A top French court on Friday rejected an appeal by former president Nicolas Sarkozy to avoid facing charges of illicit financing for his failed 2012 re-election bid, with a trial of the ex-head of state now appearing inevitable.
Prosecutors claim Sarkozy spent nearly 43 million euros ($51 million) on his lavish re-election bid — almost double the legal limit of 22.5 million euros — using fake invoices, and demanded he answer the charges in court.
Sarkozy has denounced the charges, saying he was unaware of the fraud by executives at the public relations firm Bygmalion, who are also among a total of 13 people likely to face trial.
Sarkozy’s lawyers appealed to the Constitutional Council, which rules on the admissibility of laws and legal rulings, arguing that he had already paid a financial penalty for the overspending.

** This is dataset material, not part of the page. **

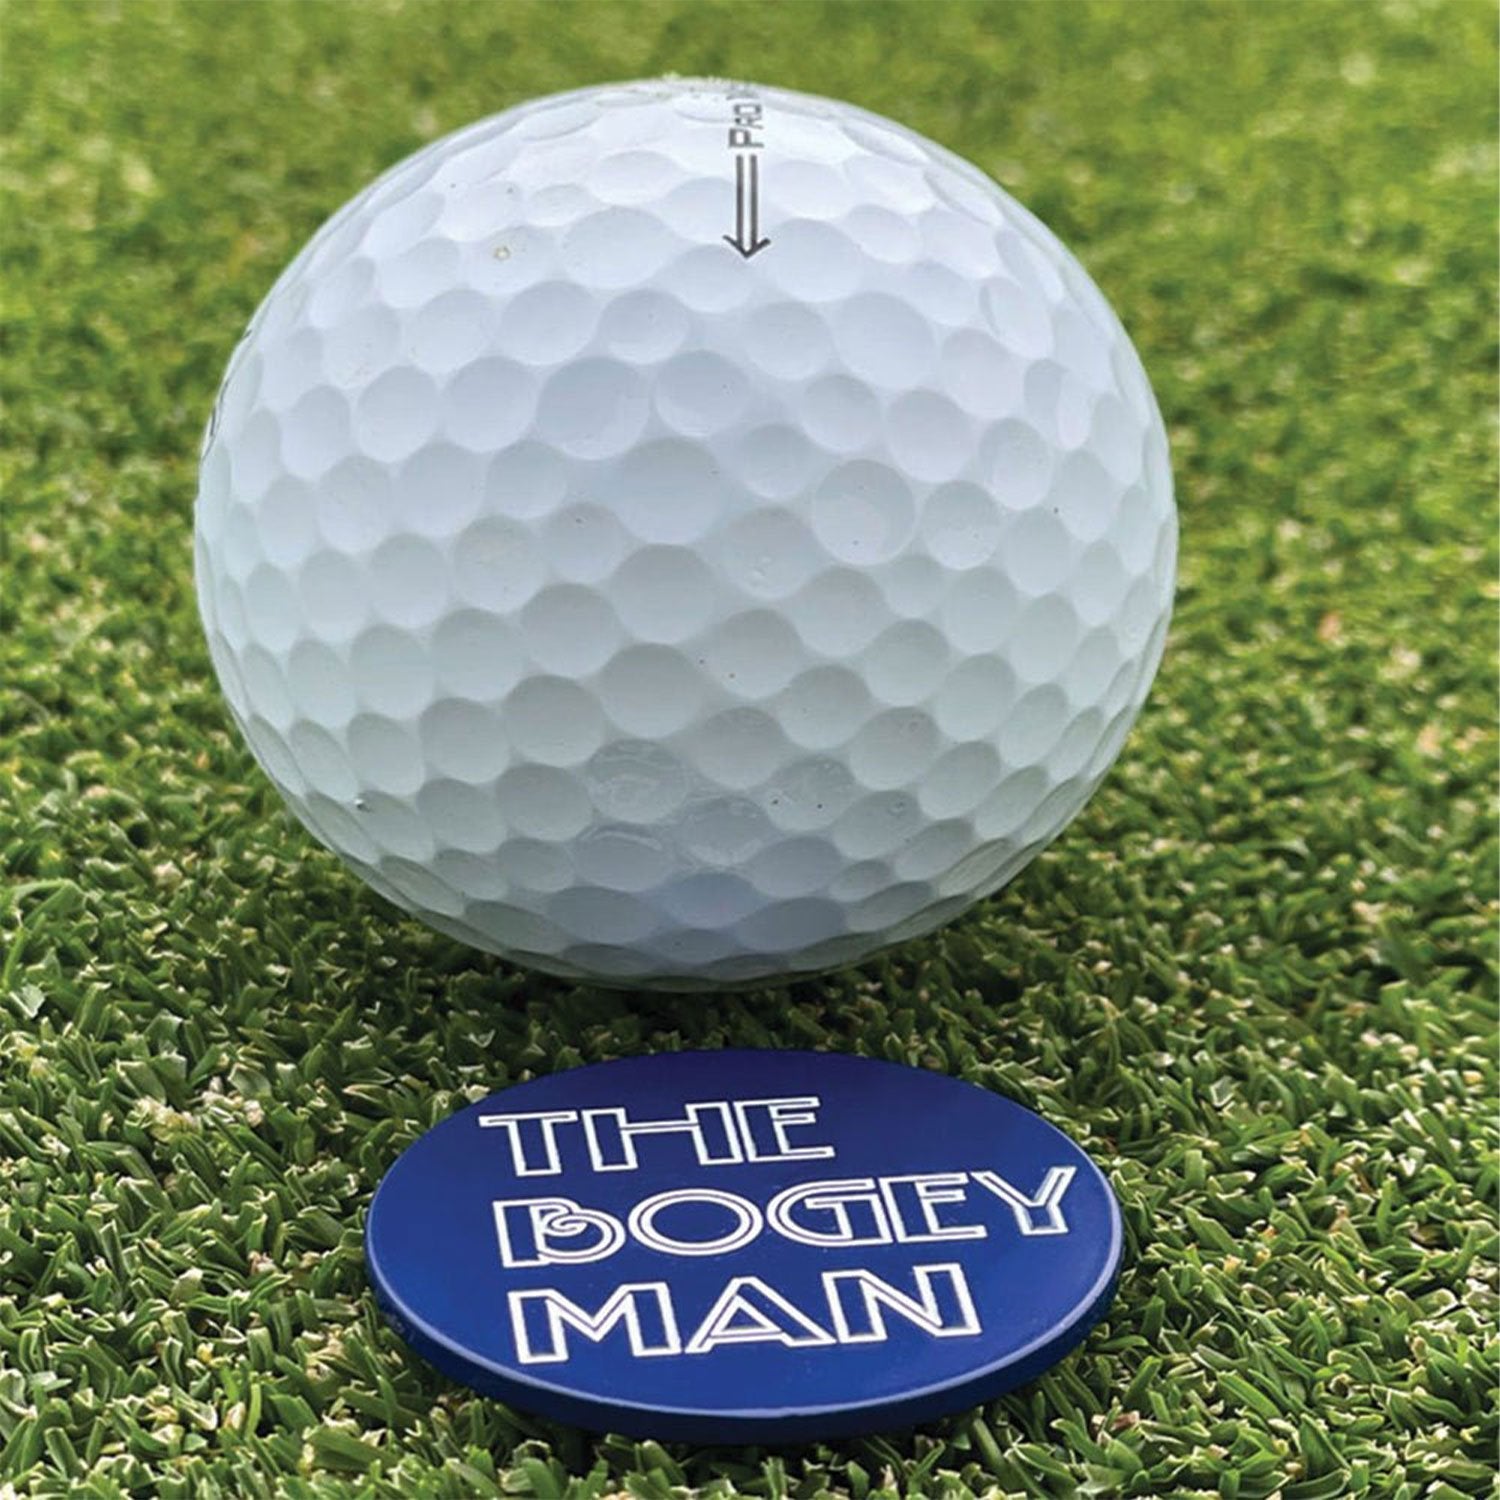 Bogey Man Golf Ball Marker - F. King Golf

Bygmalion executives and Jerome Lavrilleux, the deputy manager of Sarkozy’s 2012 campaign, have acknowledged the existence of fraud and false accounting.
On Friday, the Constitutional Council ruled that a criminal trial was justified on the grounds that it concerned “the potential breach of probity by candidates or elected officials.”

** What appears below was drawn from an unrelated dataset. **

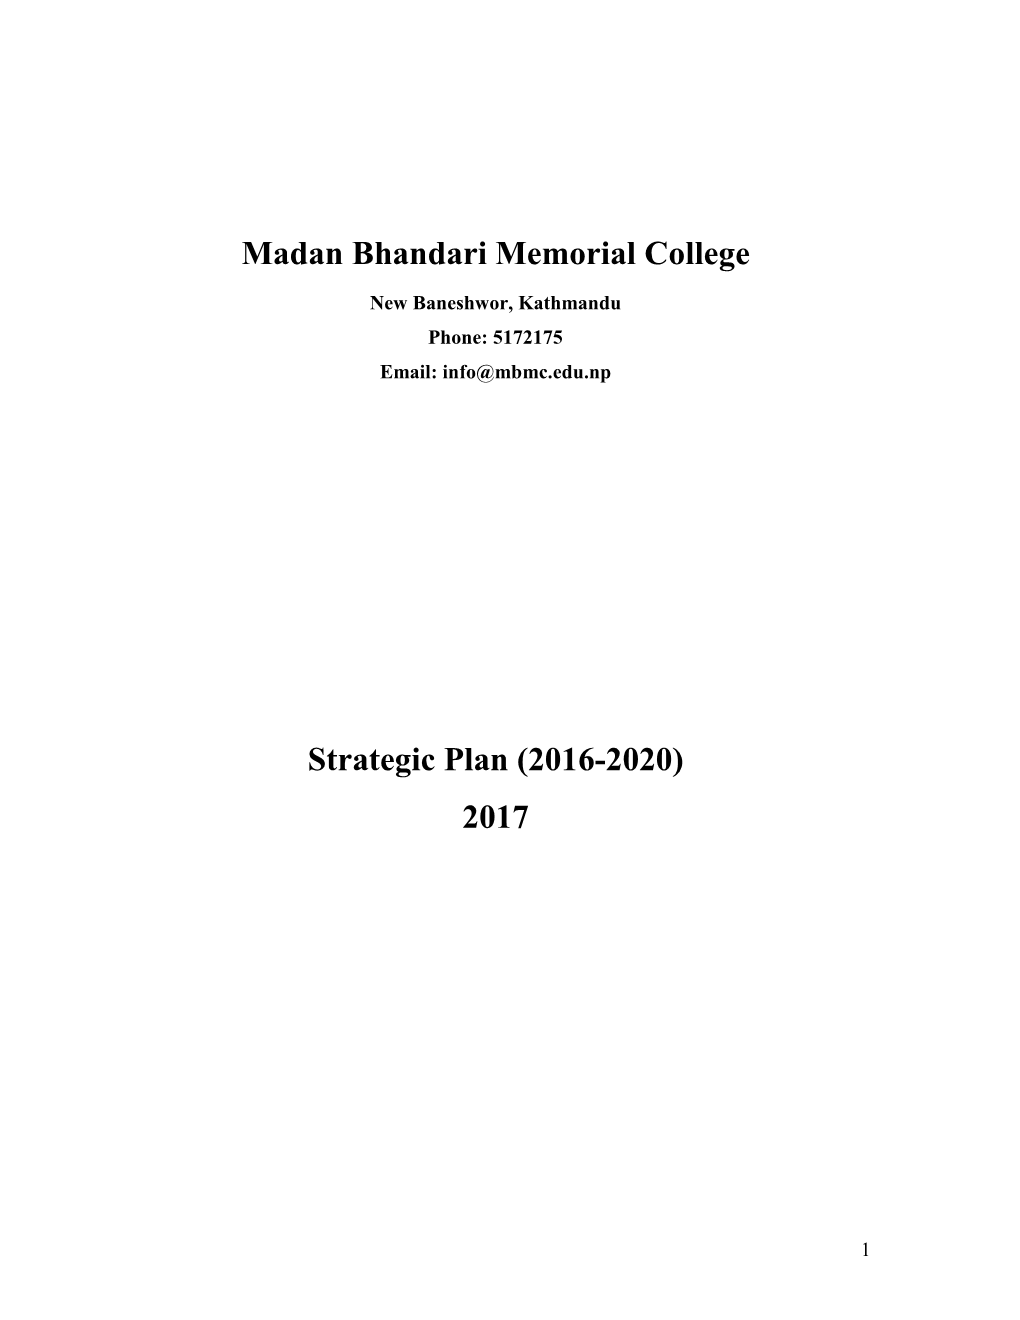 Strategic Development Plan of Madan Bhandari Memorial College 2016

“It’s a big disappointment,” one of Sarkozy’s lawyers, Emmanuel Piwnica, told AFP.
Sarkozy retired from political life after failing to secure the nomination from his rightwing Republicans party for the 2017 presidential election, won by centrist Emmanuel Macron.
He would be the second former French head of state to face trial since the founding of the Fifth Republic in 1958.
In 2011, former president Jacques Chirac was given a two-year suspended sentence for embezzlement and misuse of public funds during his time as mayor of Paris.